Canadians requiring medical attention usually face two stark options: wait days or weeks for a family doctor appointment, or go to the emergency department.

In other words: wait or declare an emergency.

This binary is not simply inconvenient. It is structurally dangerous. It pushes millions of people with uncertain symptoms — a flu that will not break, chest discomfort that might be nothing, a strange growth — toward emergency wards that were never designed to handle that volume. 

And once emergency departments are overwhelmed, true emergencies risk delays that can be damaging or even fatal. 

Consider how different this is from most other areas of life, where we manage risk through graduated escalation.

We do not call the fire department for every smoke alarm. We do not go to court for every legal disagreement. Systems work best when they offer intermediate layers of advice and triage.

Canadian health care largely lacks that middle layer.

There are some clinics and services that try to fill this gap: urgent care clinics, telehealth lines and specialized triage services exist in parts of the country. They do good work. But they remain small islands within the system, not a coherent national layer of care.  

As a result, emergency departments are asked to perform two incompatible functions: treat genuine medical crises, and act as the diagnostic clearinghouse for millions of uncertain cases, including viral infections, medication reactions and minor injuries.

No system designed for the first task can sustainably absorb the second.

Modern technology could relieve much of this pressure.

But Canada could also learn from countries that are experimenting with systems that sit between primary care and emergency departments. This includes 24-hour, nurse-led or physician-supervised triage; rapid video consultations for uncertain symptoms; symptom-assessment tools overseen by clinicians; direct scheduling into urgent clinics or imaging when required.

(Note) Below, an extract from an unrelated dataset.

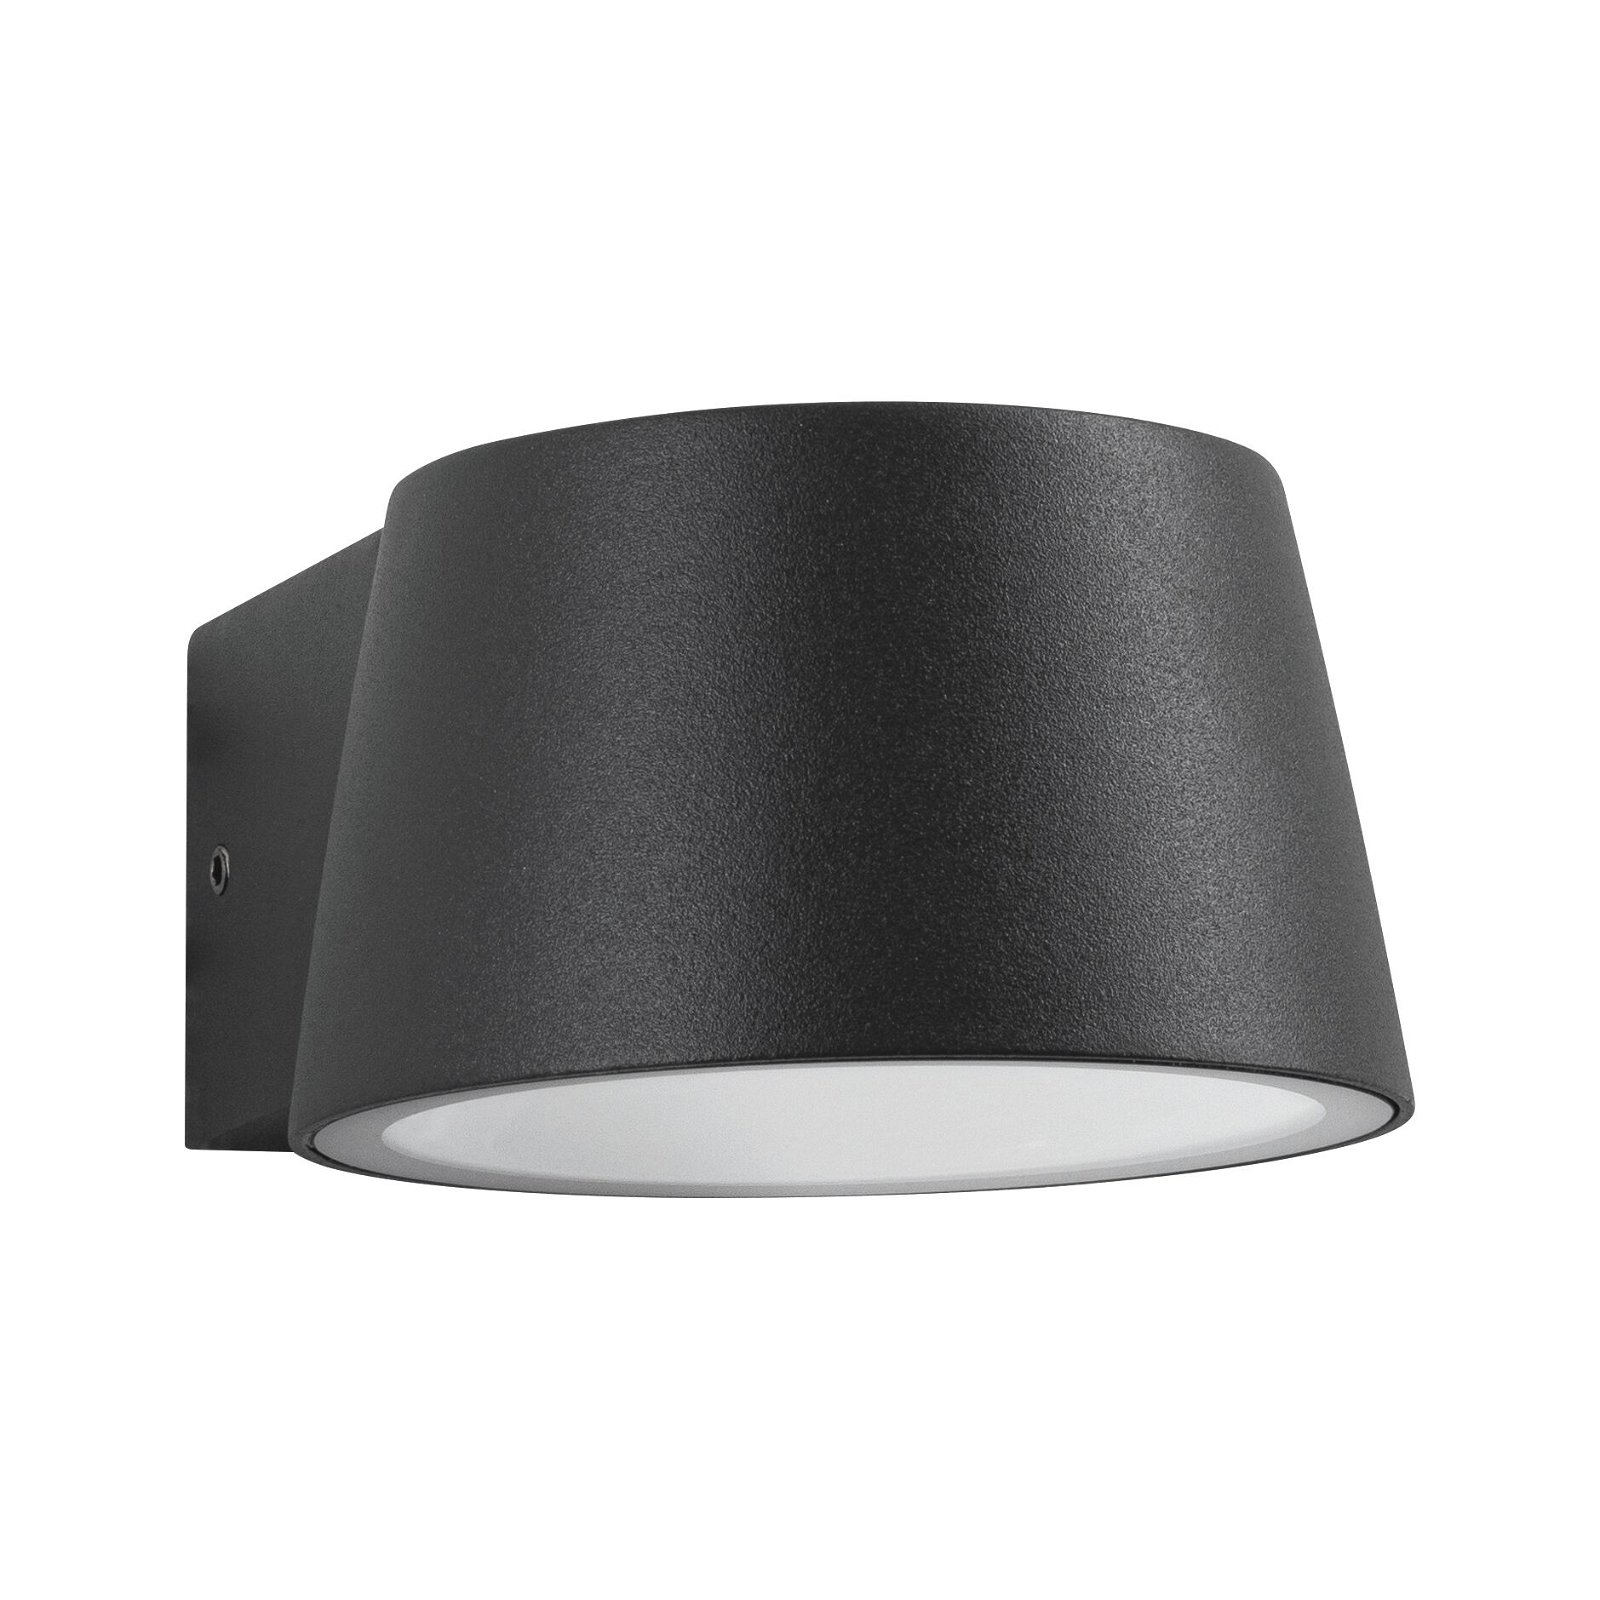 LED Exterior wall luminaire Capea insect friendly IP44 96x128mm 2200K 6W 550lm 230V 98° Anthracite Aluminium

With such services in place, patients could be guided through levels of response:

Level 1: reliable self-care guidance and advice lines
Level 2: rapid virtual triage with trained clinicians
Level 3: urgent-access clinics for same-day examinations
Level 4: direct referral to imaging or diagnostics
Level 5: emergency departments for true emergencies

This layered approach exists in many health systems around the world. Canada has the technology and the clinical expertise to build it.

What is missing is the commitment to redesign the pathway.

The solution is not to lecture patients about inappropriate emergency use. It is to provide a credible continuum of escalation.

Emergency departments should not be where uncertainty goes to be resolved.

But until Canada builds a functioning middle layer between primary care and emergency care, the binary will remain — and the phone message from the doctor’s office repeated thousands of times per day across Canada will reinforce it. 

John Stapleton is a social policy expert and is the new Social Policy, Ageing and Well-being Policy Fellow at the National Institute on Ageing in partnership with the School of Public Policy and Democratic...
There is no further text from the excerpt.